Loizides Says Self-Expression Powering The Internet
With all the recent talk about official programming being released by cultural producers on the Internet, either in planned marketing campaigns--such as the recent Sci-Fi campaign surrounding its pilot The Amazing Screw-On Head that Jason Mittell wrote about here last week in which Sci-Fi is putting a show they aren't sure about online for fans to help decide the fate of--or in unplanned releases of content--such as with Nobody's Watching, I have to believe that it's important to think in much more detail about the nature of this online communication.

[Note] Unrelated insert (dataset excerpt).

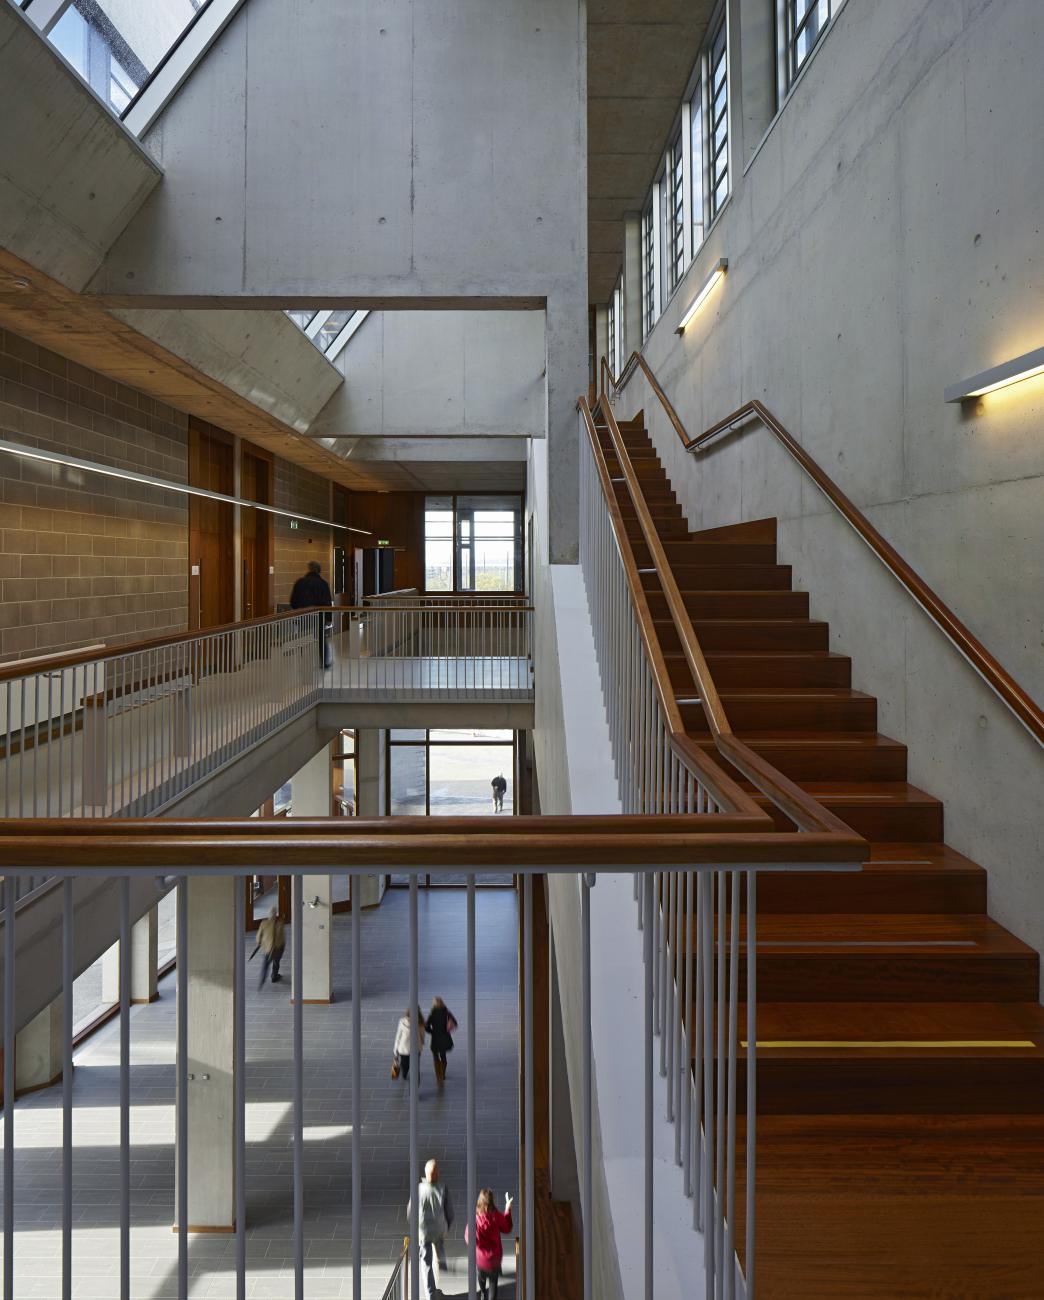 Yvonne Farrell and Shelley McNamara | The Pritzker Architecture Prize

That's why I was thankful that Siddiq Bello passed along a blog entry from Lydia Loizides from earlier this month. Lydia looks at both the positives and the negatives that cultural producers face when allowing people to have such direct early access to their content and cites times in which that seems to have made a major difference--such as the ground-swelling support of Nobody's Watching that has since led the show to be considered once again by NBC. However, on the flip side, she looks at the intense negativity surrounding the release of Blade: The Series from Spike TV.
And the examples of shows debuting on the Web either simultaneous to or before their network debut is growing.
I've said it before: the only losers in these situations are shows that likely aren't going to do well anyway when they hit the air, so I don't really see that networks have anything to do other than programs being outed for their terrible-ness well before they hit the air. If a program can't even gain grassroots support from a small market, it usually doesn't bode well for its test on a network, and Blade: The Series' negative energy can at least be a lesson in what the show needs to improve on while it is still early in its production series.
Lydia writes that "by tapping into this digital forum, the show's producers will able to gauge, in real-time no less, the response to the program. Take it for what this is worth-but how unbelievably valuable is that?"
Lydia's piece is well worth taking a look at. These are the questions we've been wondering here for some time and one that will carry me over into tomorrow, as I'm planning to write a much lengthier piece on this very topic, based on a recent news commentary from the BBC.